Anggit tersenyum tipis. “Memang, Ba. Laut kita lawan dengan tangan. Tapi pemilik perahu, penguasa, mereka itu tak bisa kita lawan dengan tangan kosong.”

Sudah sejak zaman dahulu, nenek moyang mereka di Banten ini hidup dalam tekanan mulai dari penindasan hingga kemiskinan. Mereka adalah rakyat kecil, nelayan miskin di pesisir selatan Banten, yang sejarahnya penuh penderitaan.

Anggit ingat cerita kakeknya tentang masa-masa ketika leluhur mereka diperas habis-habisan oleh penjajah dan penguasa lokal, seperti yang ditulis oleh Multatuli dalam Max Havelaar. Hasil bumi dan laut rakyat dikuras untuk kepentingan segelintir orang, sementara rakyat hanya mendapat sisa. Kini, penjajah mungkin sudah pergi, tapi penderitaan tetap ada—hanya wujudnya yang berupa beda.

“Zaman sudah merdeka,” kata Acil, yang duduk di geladak perahu sambil memeriksa jaring.

“Tapi kita seperti masih dijajah. Bedanya, sekarang yang menjajah bukan orang Belanda, tapi orang-orang kita sendiri.”

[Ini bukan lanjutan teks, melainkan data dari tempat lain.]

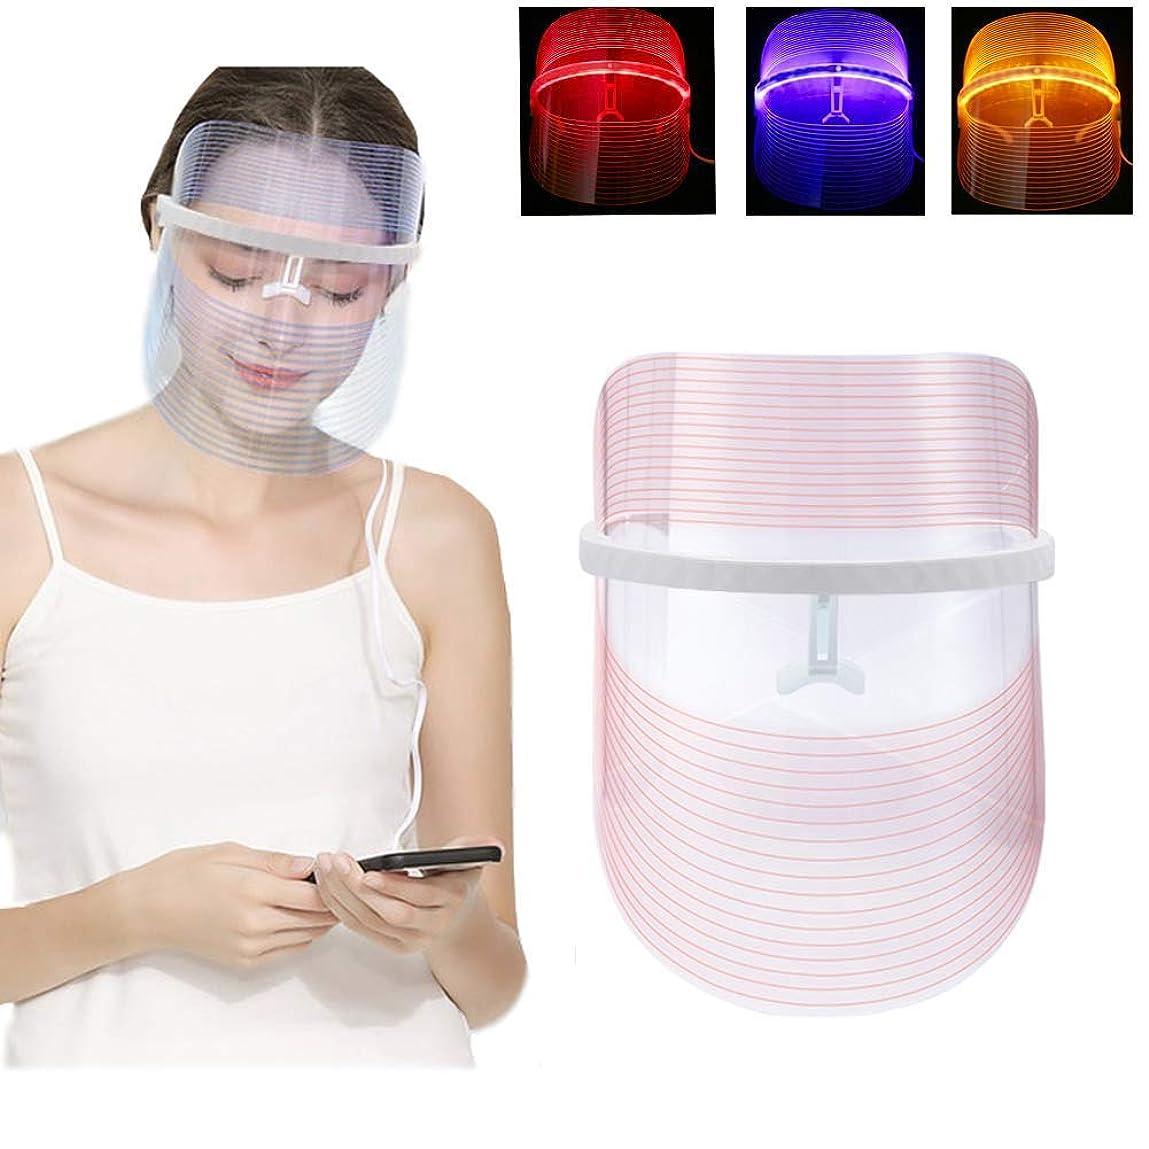 染色髄石鹸3色LEDライト療法のフェイスマスクの美の器械の顔の鉱泉の処置装置の反アクネのしわの取り外し

“Pemimpin daerah kita sibuk dengan keluarganya sendiri,” sambung Masita. “Dinasti politik yang cuma memperkaya diri mereka. Tuan perahu itu teman dekat bupati, tak ada yang berani melawan. Kalau kita tidak bisa bayar utang, kita tak boleh berlayar, kita bisa mati kelaparan.”

Anggit mengangguk, mendengarkan sambil tetap fokus pada lautan di depan.

“Aku tahu. Mereka tidak peduli sama kita. Mereka cuma mau duit. Kalau bukan karena kita punya utang, aku tidak akan memaksa kalian melaut dengan bensin secekak ini.”

Arba menatap Anggit dengan tatapan penuh pengertian.

“Kita tidak nyalahin kamu, Git. Kita semua tahu, kamu melaut bukan buat diri sendiri. Kamu punya Aisyah dan anakmu untuk dihidupi. Sama seperti kita semua, kita melaut buat keluarga kita. Orang harus tetap makan mau itu musim laut tenang maupun musim ombak besar seperti ini. Yang salah adalah mereka yang di atas sana, mereka harusnya mencari solusi bagaimana kita tidak perlu melaut di musim angin kencang seperti ini, tapi keluarga kita tetap bisa makan dan hidup. Mereka duduk nyaman di kursi empuk, sementara kita mati di laut. Sama seperti leluhur kita dulu mati di sawah dan tambak untuk para penguasa.”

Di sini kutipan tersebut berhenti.